The strategies they are using vary somewhat, with warning letters issued by the U.S. attorney in San Diego giving recipients 45 days to comply and 38 property owners in Los Angeles and the Central Coast given just two weeks to evict marijuana dispensaries or growers.

The letters come just days after the IRS ruled that the largest dispensary on the West Coast, Harborside Health Center, owes millions in back taxes. The IRS said it won’t allow dispensaries to deduct normal business expenses such as payroll and rent, a potentially devastating financial blow to the industry.

U.S. Attorney Melinda Haag said the move is not designed to clamp down on patients who grow their own marijuana for medical use. But dispensaries that were not part of the initial wave of warning letters “shouldn’t take any comfort,” she said. “They are illegal under federal law.”
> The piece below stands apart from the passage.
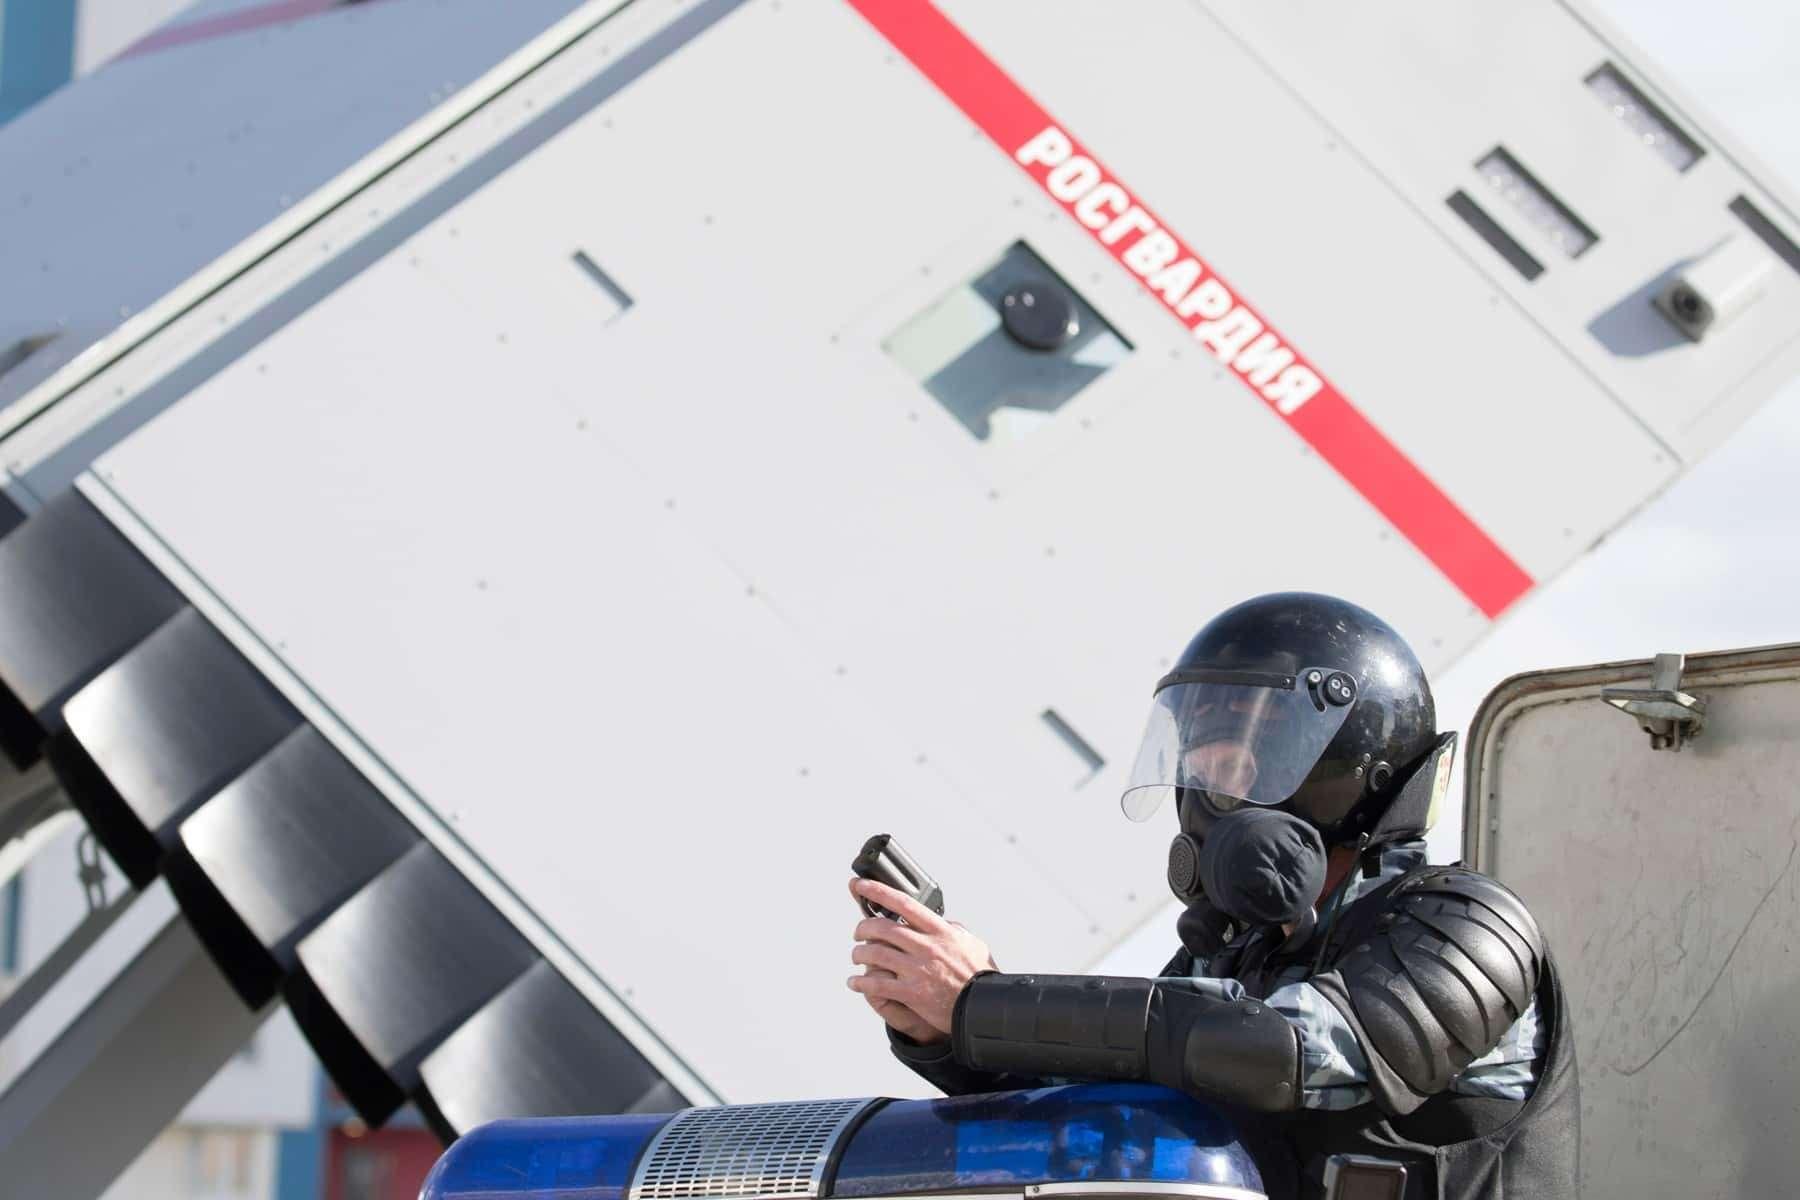 Комплекс «Стена»: Росгвардия получит новую технику дляразгона митингов— фото 906554
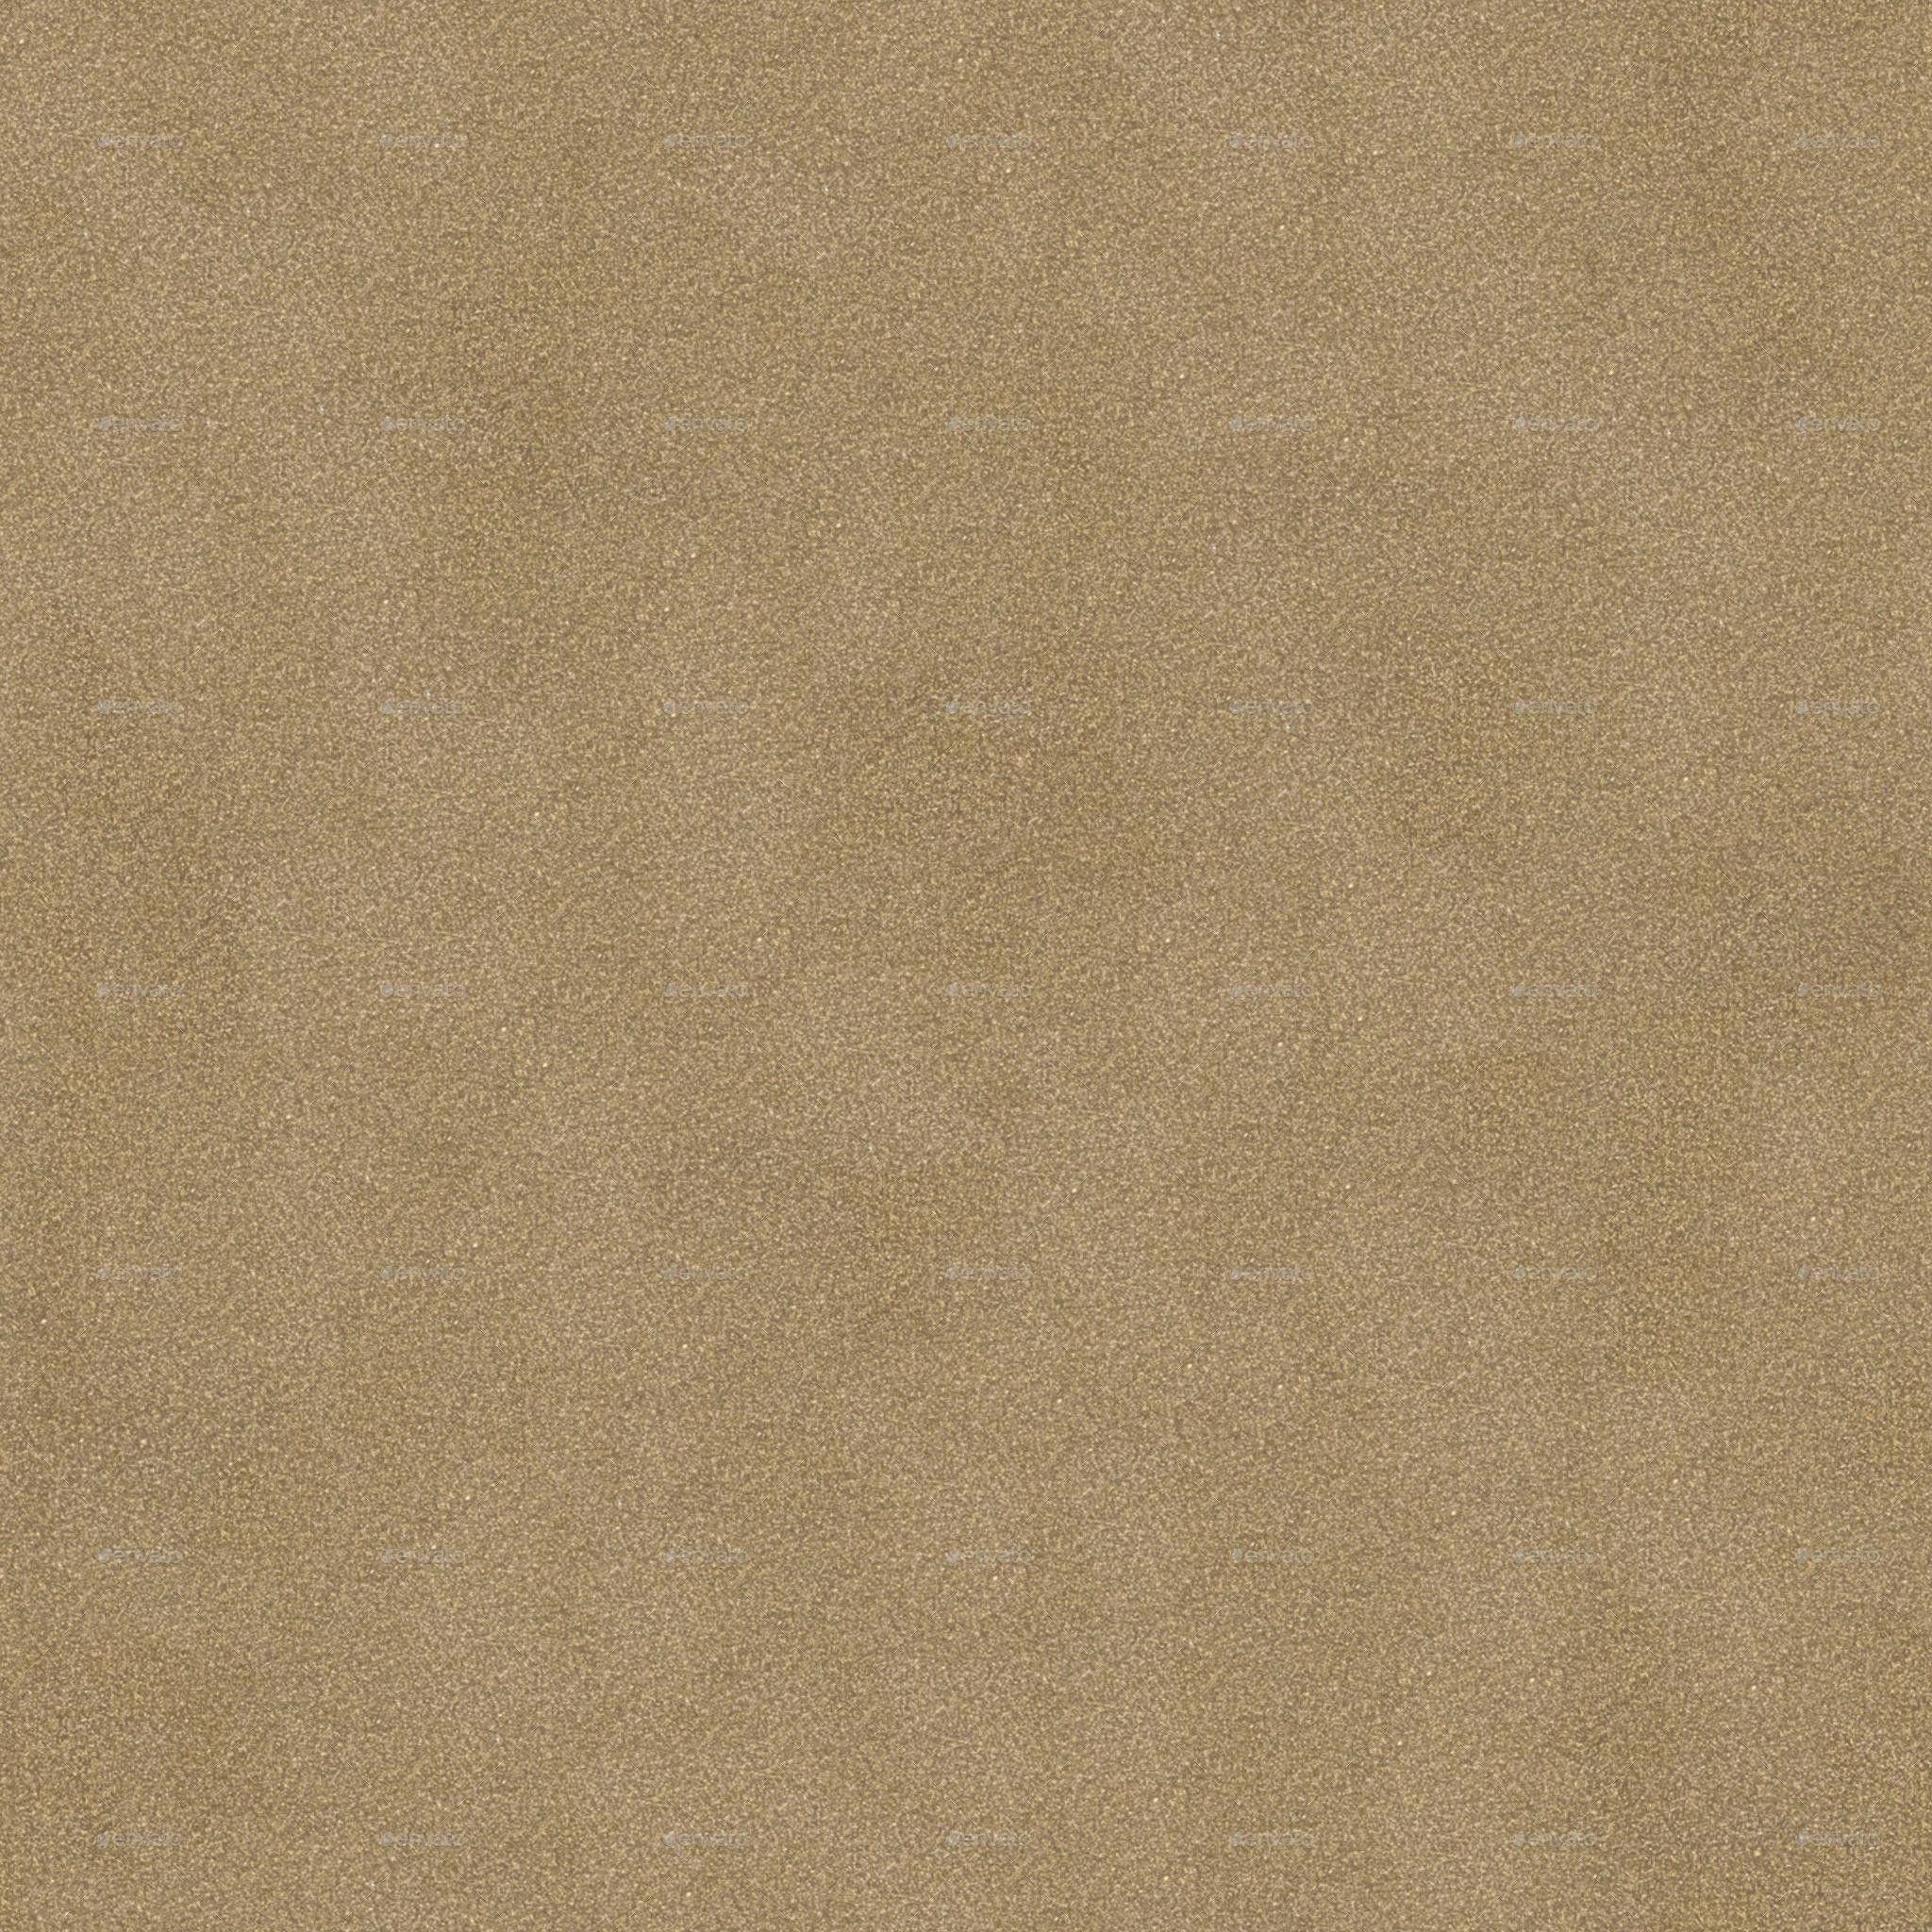 Brushed Metal Seamless Texture Set Volume 2 Seamless Textures

The move comes a little more than two months after the Obama administration toughened its stand on medical marijuana. Two years before that, federal officials had indicated they would not move aggressively against dispensaries in compliance with laws in the 16 states where marijuana is legal for people with doctors’ recommendations.

The stepped-up enforcement escalates the Obama administration’s efforts to rein in the spread of marijuana stores, which accelerated after the attorney general announced in 2009 that federal prosecutors would not target people using medical marijuana in states that allow it.

Bill Panzer, a criminal defense lawyer who represents dispensaries said “It looks like there is a concerted effort for an offensive against the dispensaries in California,” and added “The Obama administration, for all the talk that he gave during the campaign, the reality is his policies haven’t been that different from Bush’s.”

“They’re cherry-picking,” Panzer said. “They want to look good in the press, so better to go after one that’s near a school.”

According to Panzer, the Justice Department four dispensaries because they are within 1,000 feet of schools or parks where children play. There is no state law against having a dispensary within 1,000 feet of a school, but under federal law, selling drugs near a school can carry a higher sentence.

The Department of Justice issued a policy memo to federal prosecutors in late June stating that marijuana dispensaries and licensed growers in states with medical marijuana laws could face prosecution for violating federal drug and money-laundering laws. The effort to shut California dispensaries appeared to be the most far-reaching effort so far to put that guidance into action.

Sources:

http://content.usatoday.com/communities/ondeadline/post/2011/10/feds-order-all-calif-medical-marijuana-outlets-to-close/1

http://blogs.sacbee.com/crime/archives/2011/10/us-attorneys-marijuana-dispensaries-in-california-arent-legal.html

http://latimesblogs.latimes.com/lanow/2011/10/federal-officials-begin-major-crackdown-marijuana-operations.html

http://www.baycitizen.org/marijuana/story/feds-eviction-4-marijuana-dispensaries/

http://www.businessweek.com/news/2011-10-07/feds-target-1-billion-california-medical-marijuana-industry.html

http://en.wikipedia.org/wiki/California_Proposition_215_(1996)

http://www.baycitizen.org/marijuana/story/irs-oaklands-largest-pot-dispensary-owes/

Comments

  1. Jared says:

    this is another crackdown on personal freedoms perpetrated by the federal government and aided by the IRS, neither of whom have the constitutional right to do what they’re doing. and no, this isnt just some random dude saying this, research wyoming police threaten IRS officers with arrest. They can’t do that. do not let them.

  2. Cotton Mouth says:

    I think the old assholes in congress and the senate should be voted out an quit tryin to tell us the us people what we can and cant do is unlawful. The government should leave shit alone. We have the right to pursure happiness,if its smokin weed let us smoke in peace. If a doctor says you need it, then the government and the irs needs to leave people the hell alone. I want to proof that weed kills people. Weed is God made not made by man. But they allow beer,cigs,and other probucts made by man that causes more deaths than weed. So I say to the government,IRS,Congress,The Senate,and anyone else in D.C. to look in the mirrow and remember that this aint the 60s. We are in 2011.

  3. Anonymous says:

    exactly. when did “the people” stop and realize the govt. works for us.